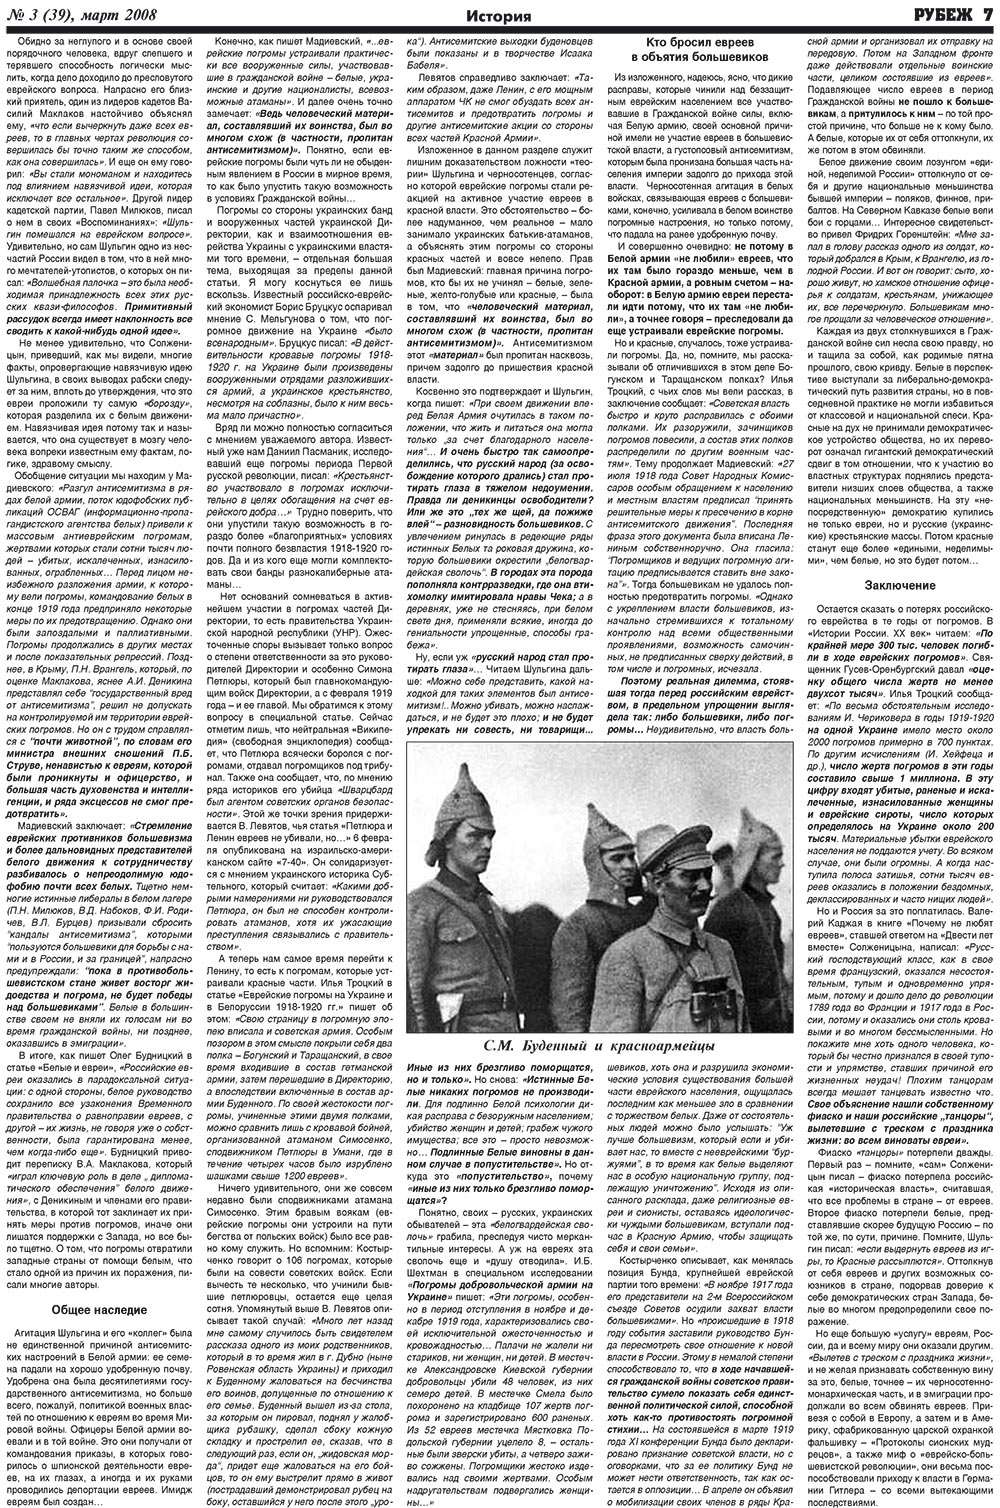 Рубеж (газета). 2008 год, номер 3, стр. 7
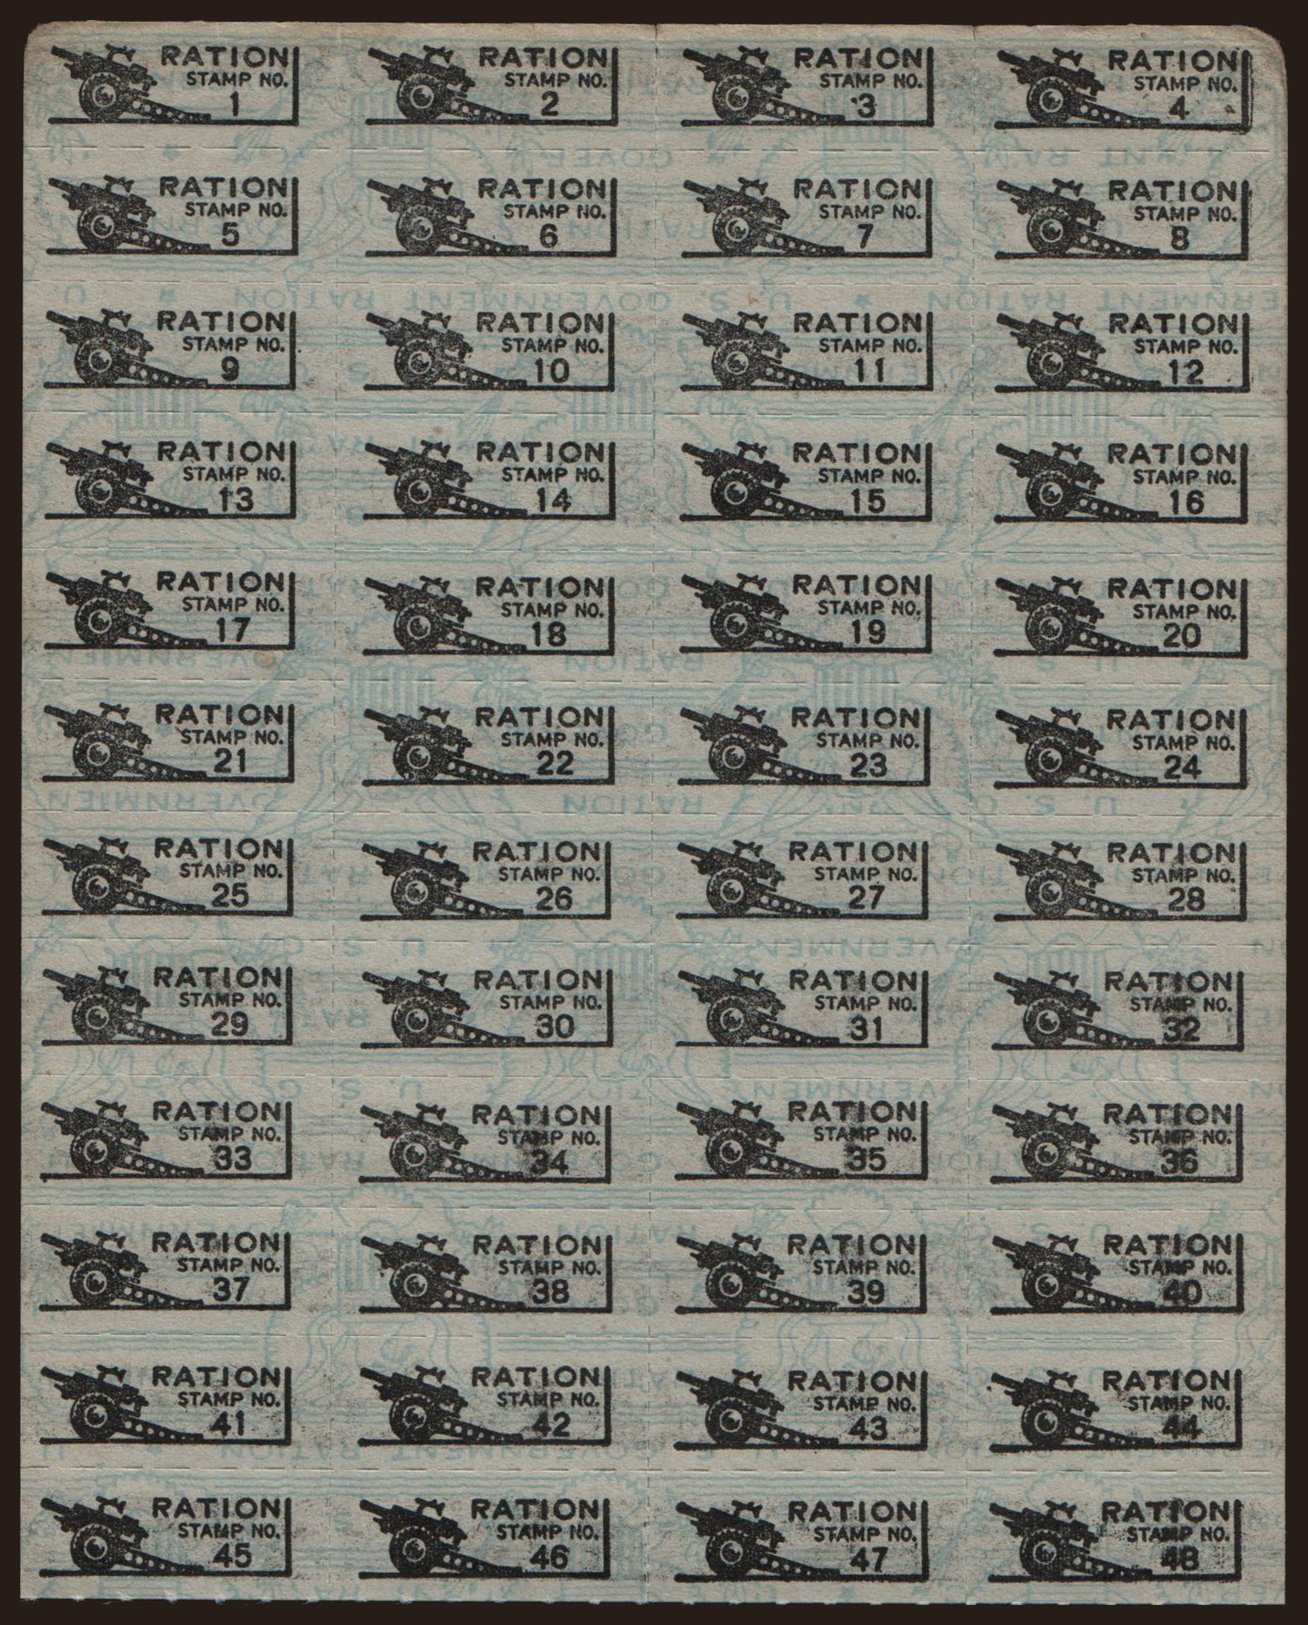 War ration coupon, 194?
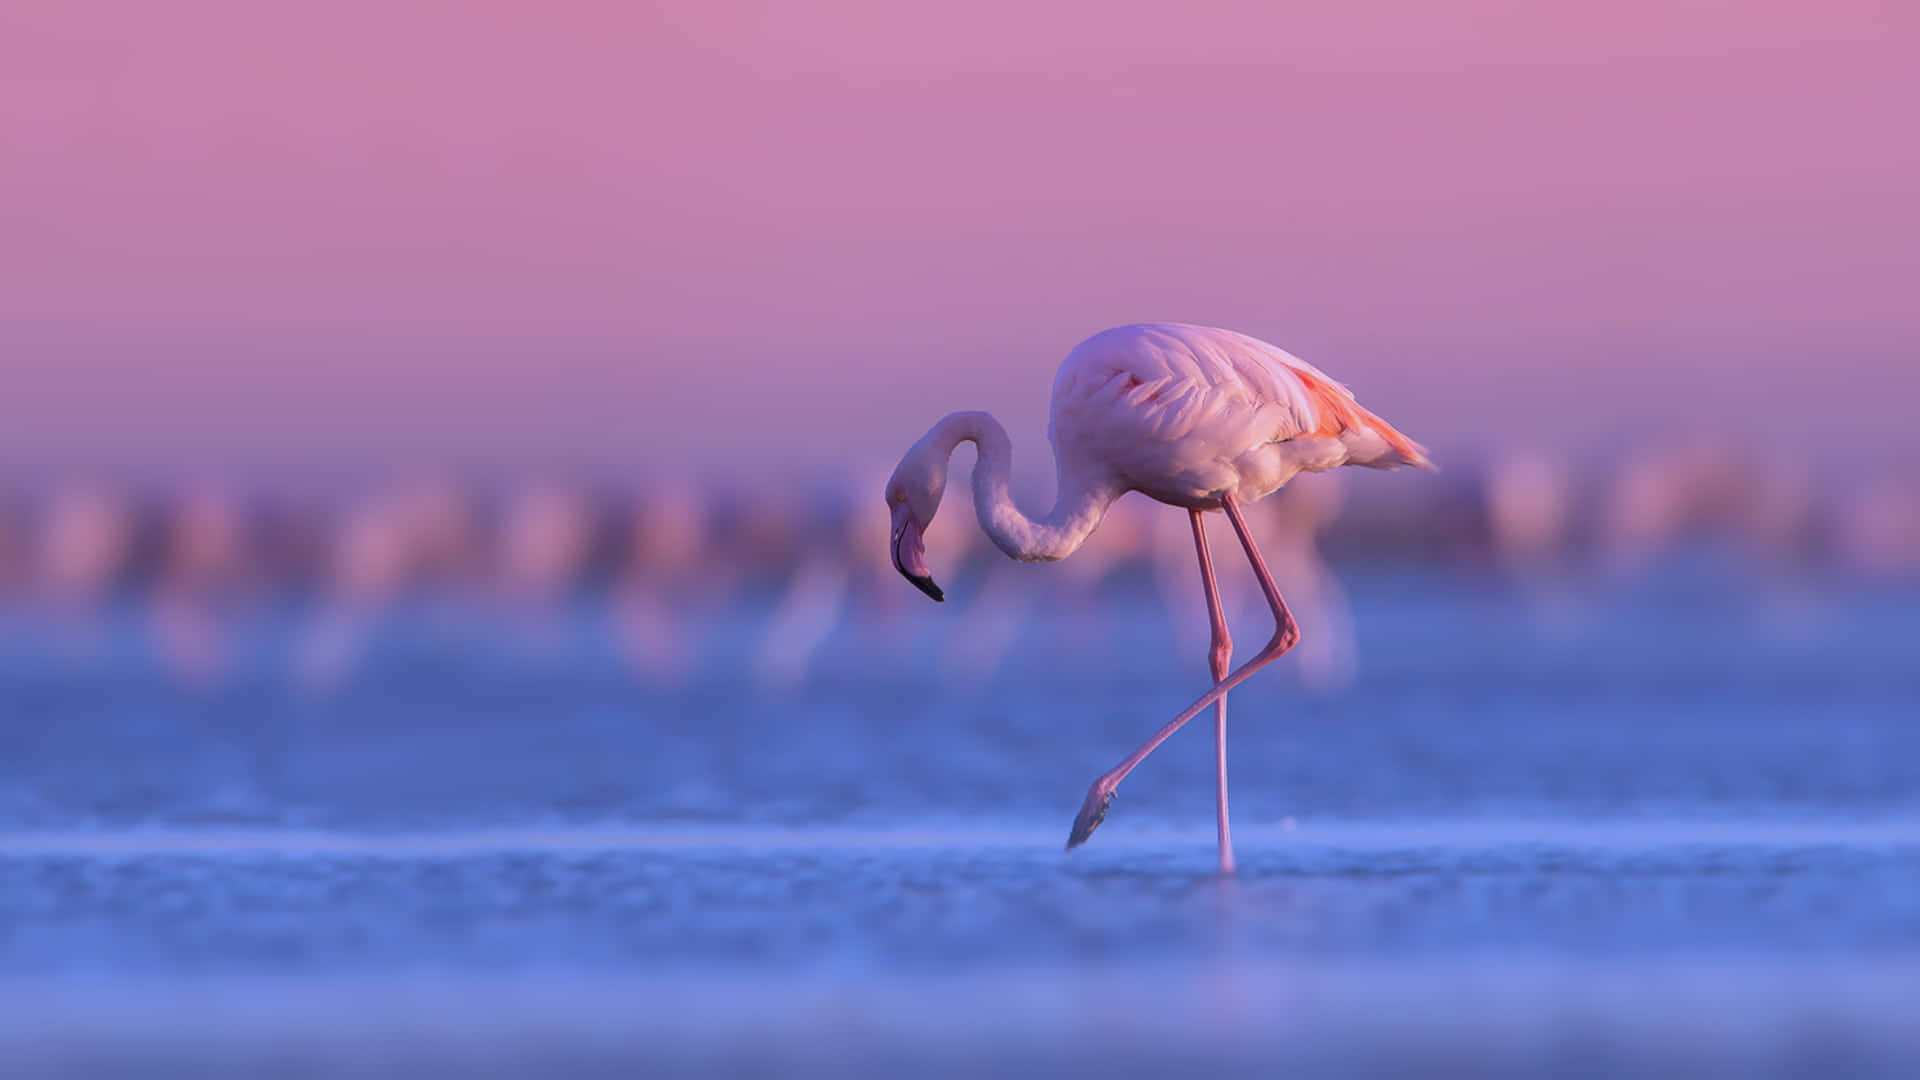 Ensmuk Pink Flamingo Mod En Livlig, Drømmeagtig Baggrund.
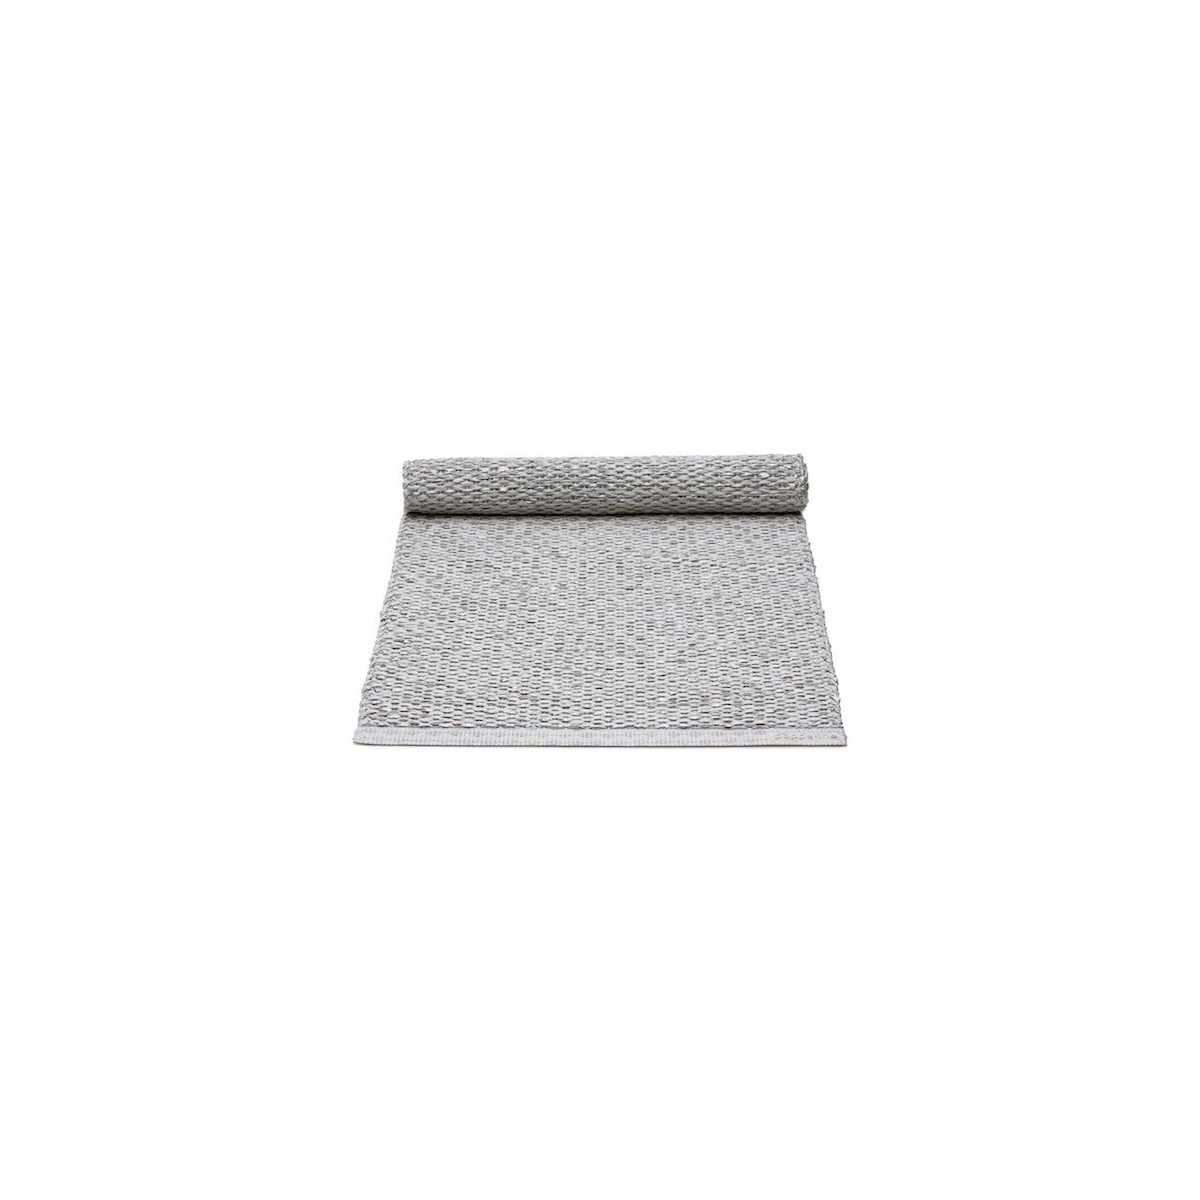 36x130cm - gris métallique / gris clair - chemin de table Svea*
--
Task to carry out
No pictures belong in the copy. Retype exactly, and only, the lines from the line containing "Ensmuk Pink Flamingo" through the last line of the data, both included.

Solution to this problem
 Ensmuk Pink Flamingo Mod En Livlig, Drømmeagtig Baggrund.
 36x130cm - gris métallique / gris clair - chemin de table Svea*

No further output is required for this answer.